— The problem —
From the first line to the last, copy the material word for word; pictures stay out.

— Supplied information —
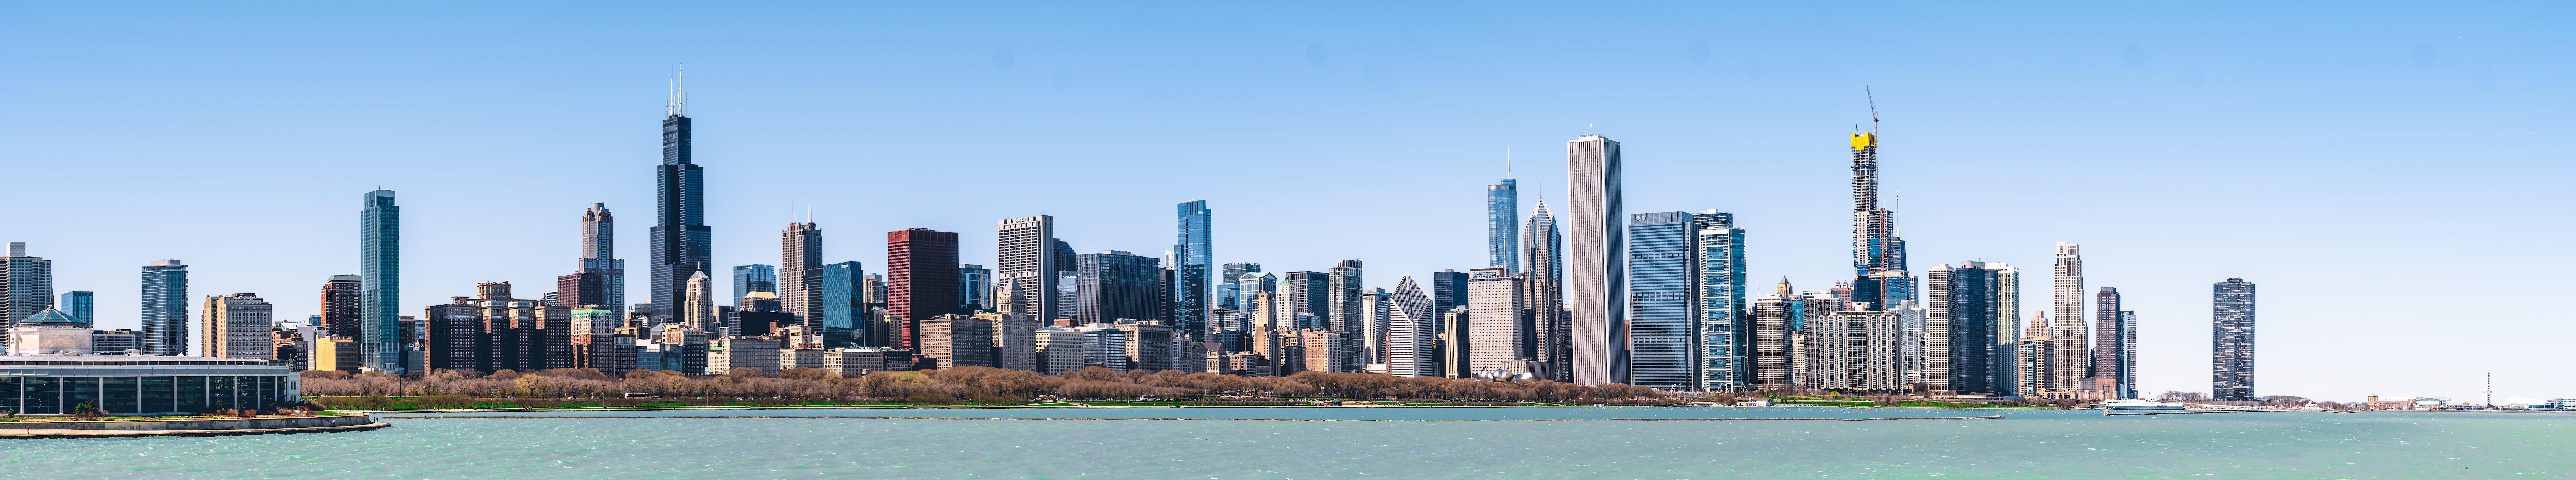 Kostenloses Stock Foto zu chicago, panoramablick, skyline
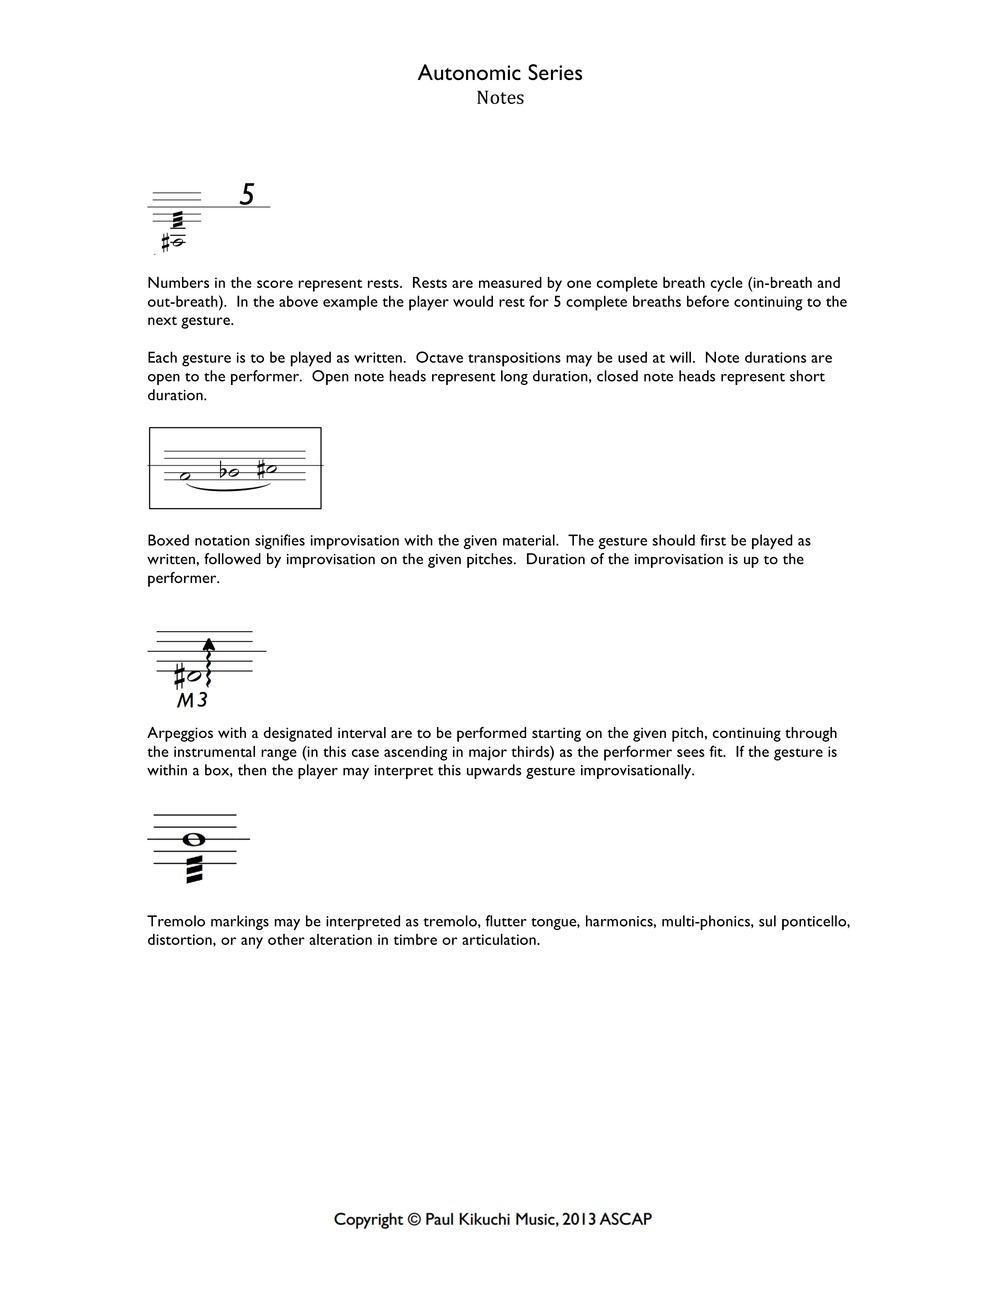 Autonomic_notes.jpg
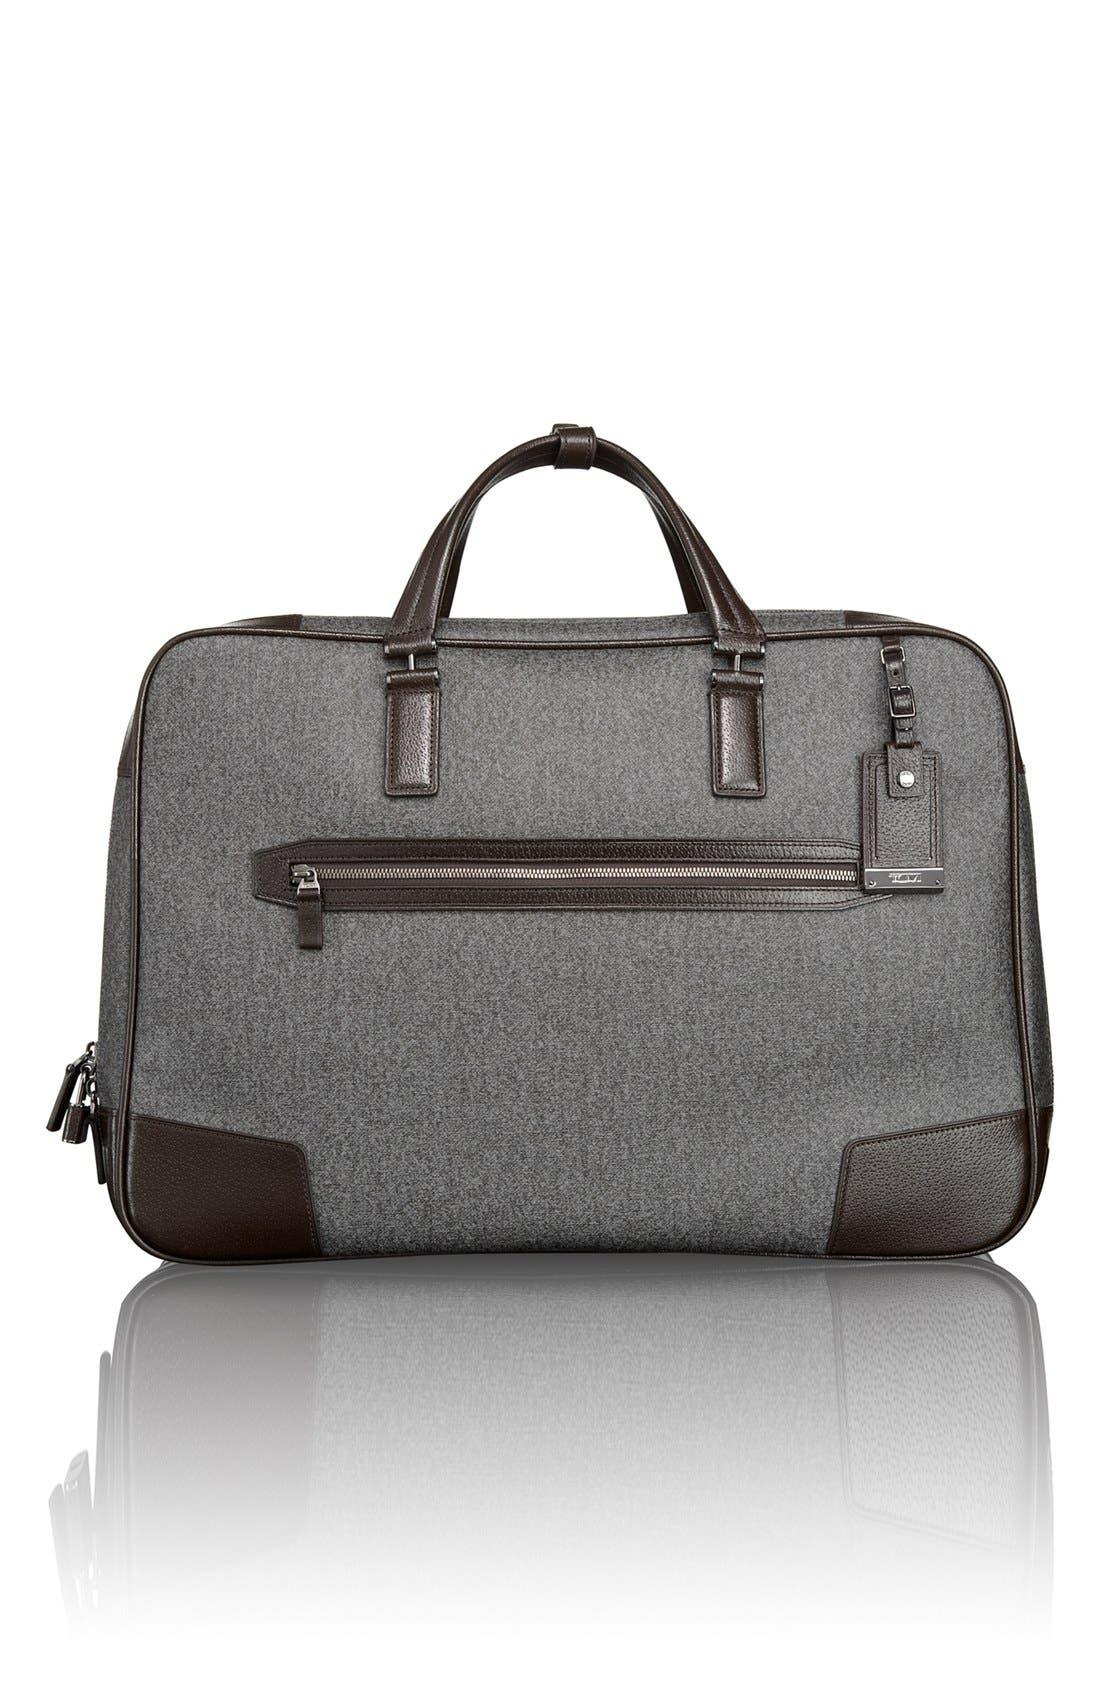 Main Image - Tumi 'Astor - Trinity' Softside Carry-On Bag (20 Inch)

— Written answer —
 Kostenloses Stock Foto zu chicago, panoramablick, skyline
 Autonomic_notes.jpg
 Main Image - Tumi 'Astor - Trinity' Softside Carry-On Bag (20 Inch)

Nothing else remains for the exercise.